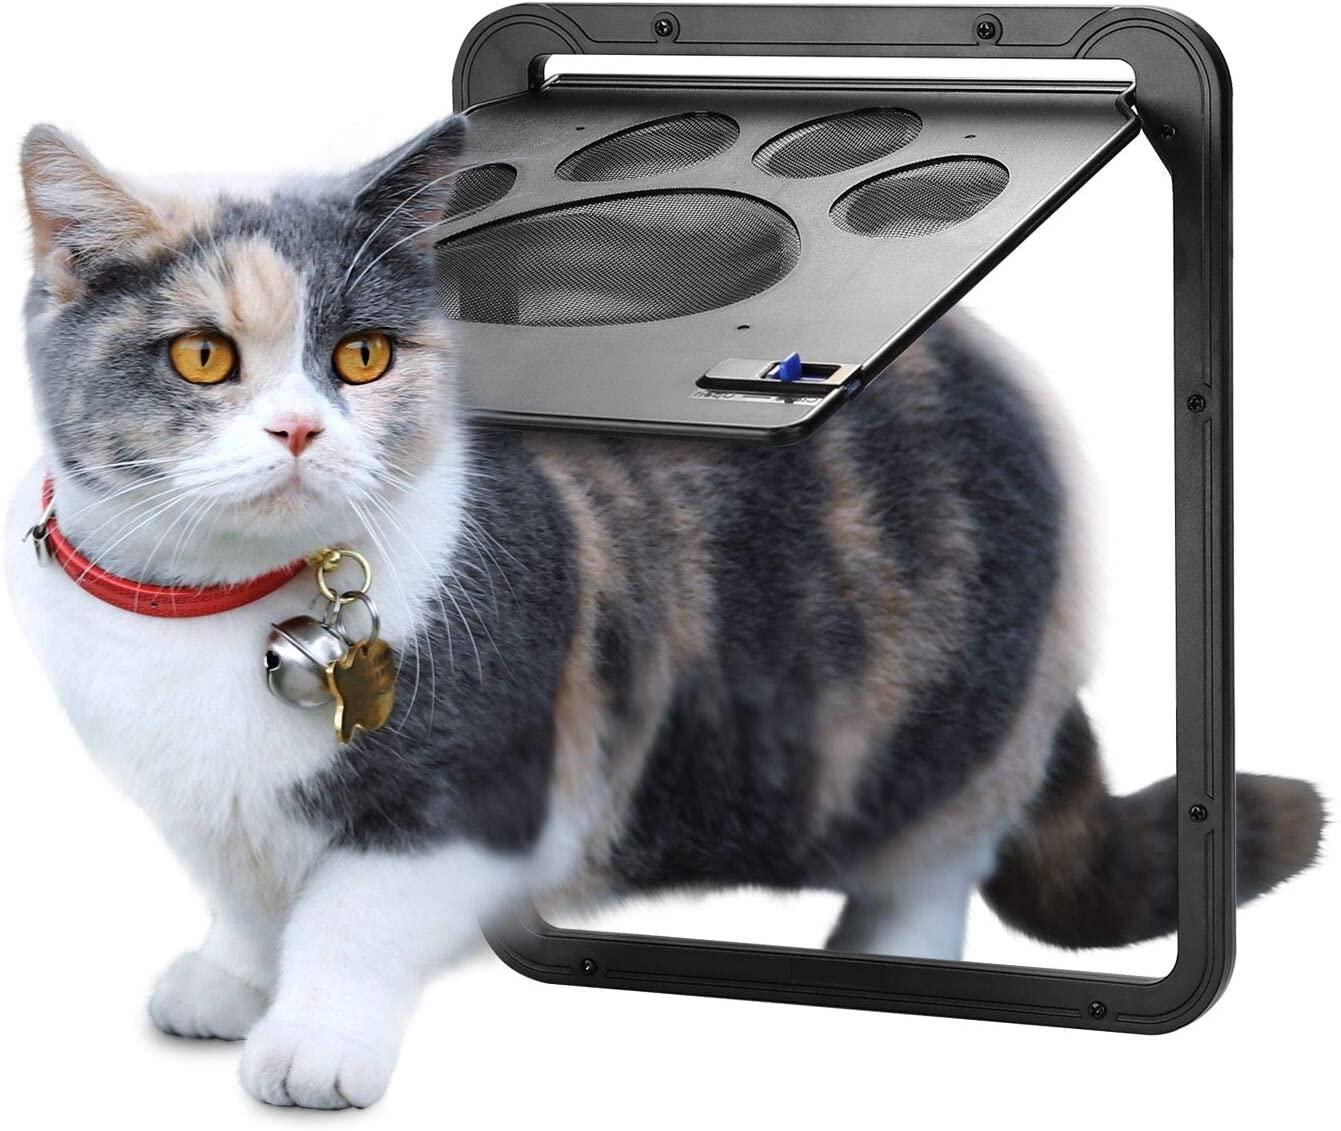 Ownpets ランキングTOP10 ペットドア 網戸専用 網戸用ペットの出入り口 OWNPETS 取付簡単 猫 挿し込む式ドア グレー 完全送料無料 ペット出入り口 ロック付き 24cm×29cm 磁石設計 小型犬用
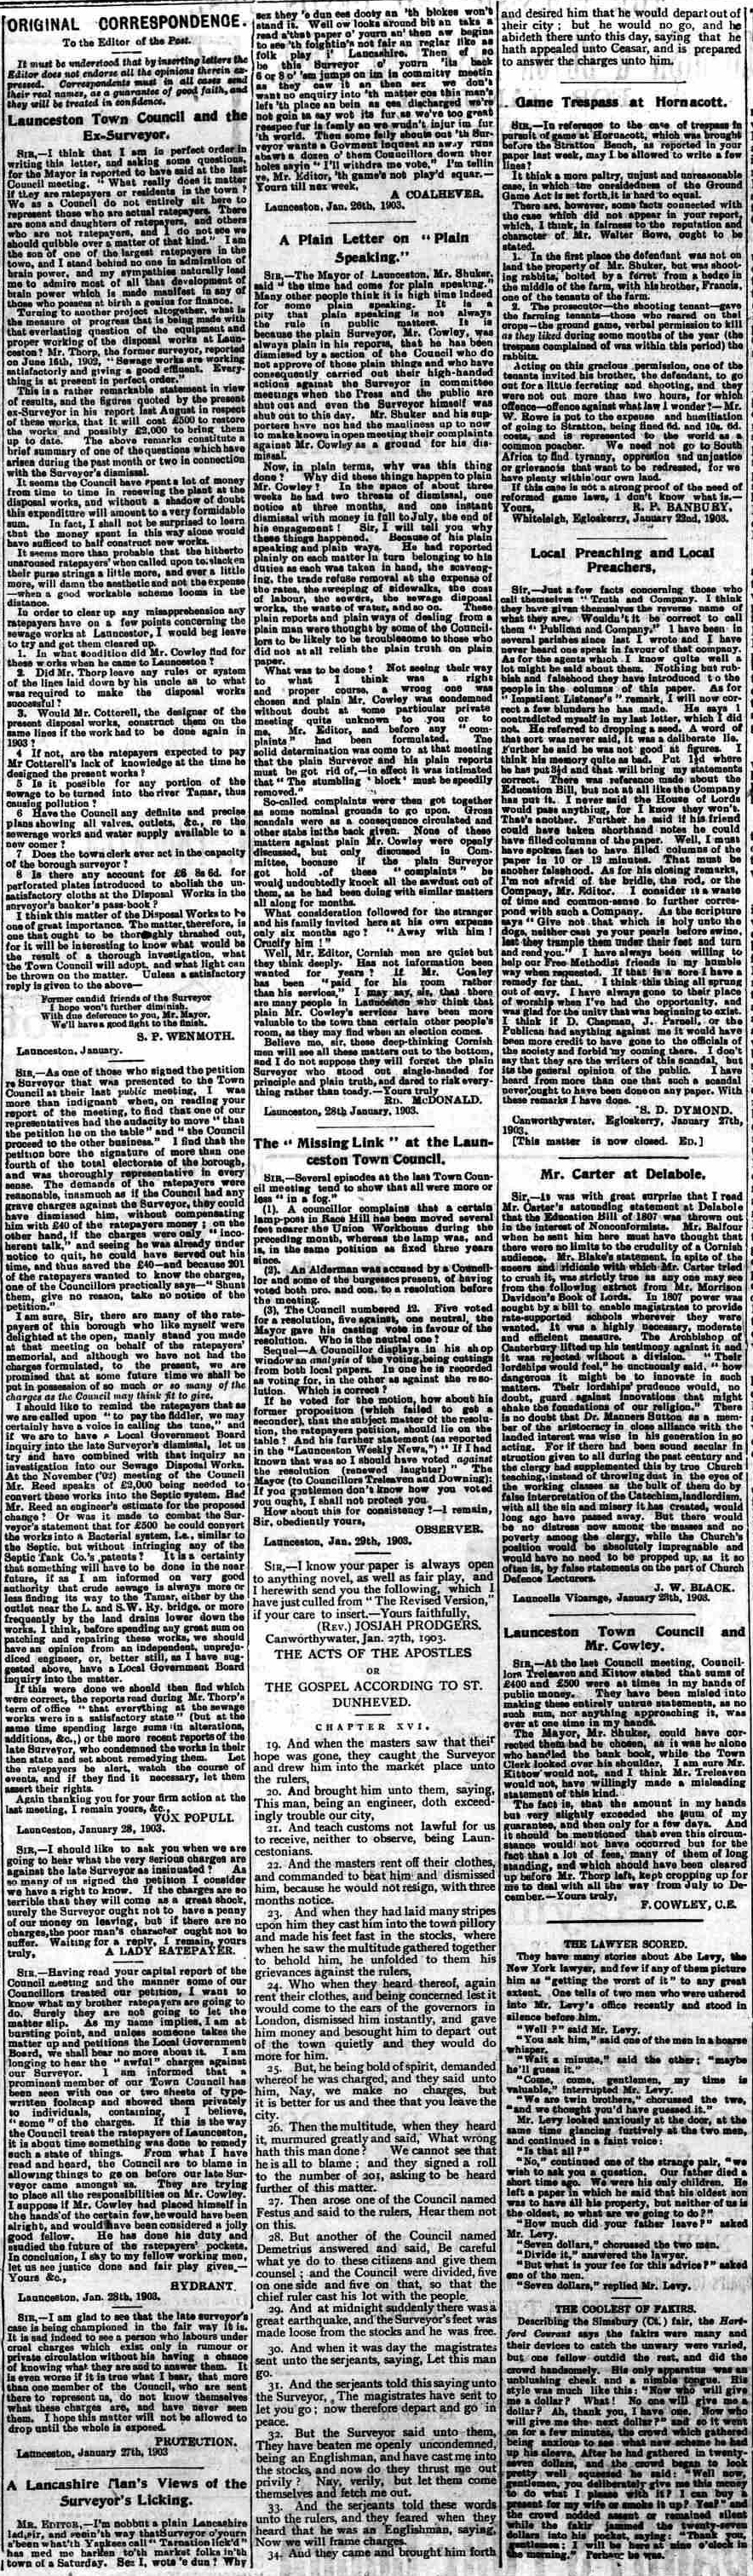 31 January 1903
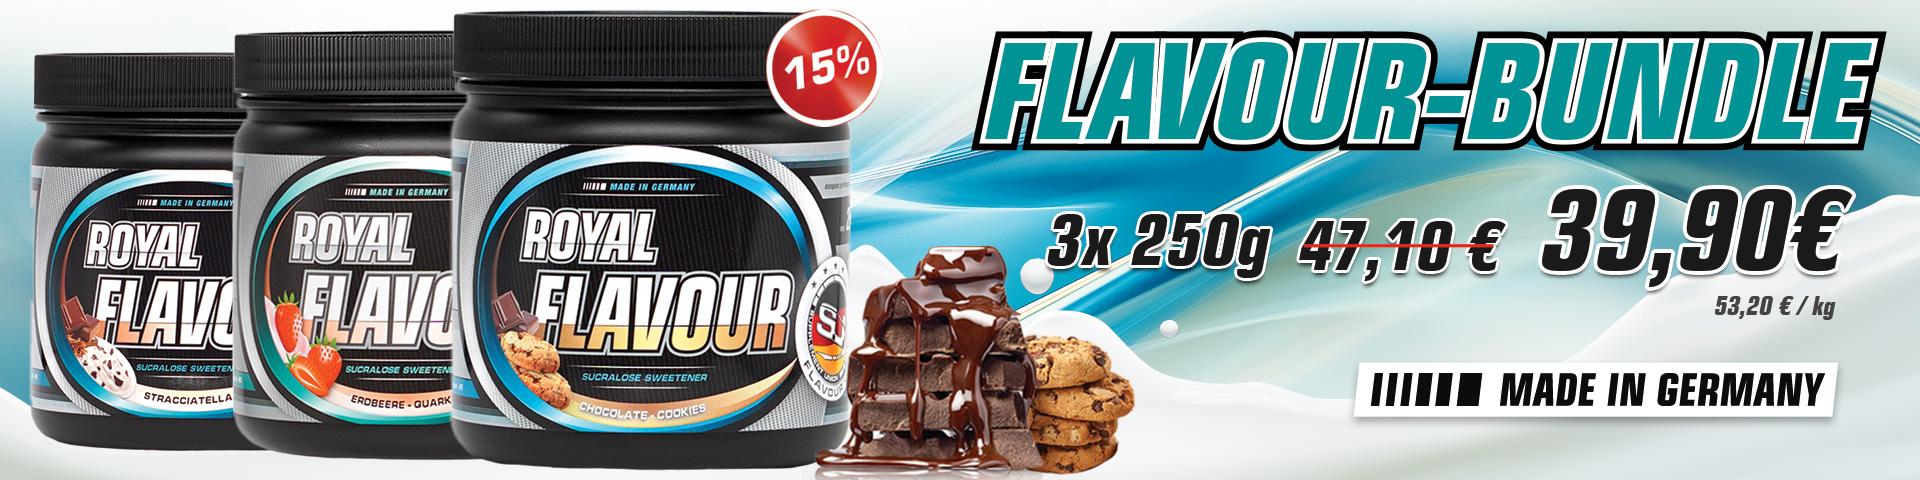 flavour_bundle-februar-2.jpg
◇ ◇ ◇ ◇
**Try it:** Your copy should match the listing exactly, apart from the pictures it leaves out.

**Output of the exercise:**
 Ownpets ランキングTOP10 ペットドア 網戸専用 網戸用ペットの出入り口 OWNPETS 取付簡単 猫 挿し込む式ドア グレー 完全送料無料 ペット出入り口 ロック付き 24cm×29cm 磁石設計 小型犬用
 31 January 1903
 flavour_bundle-februar-2.jpg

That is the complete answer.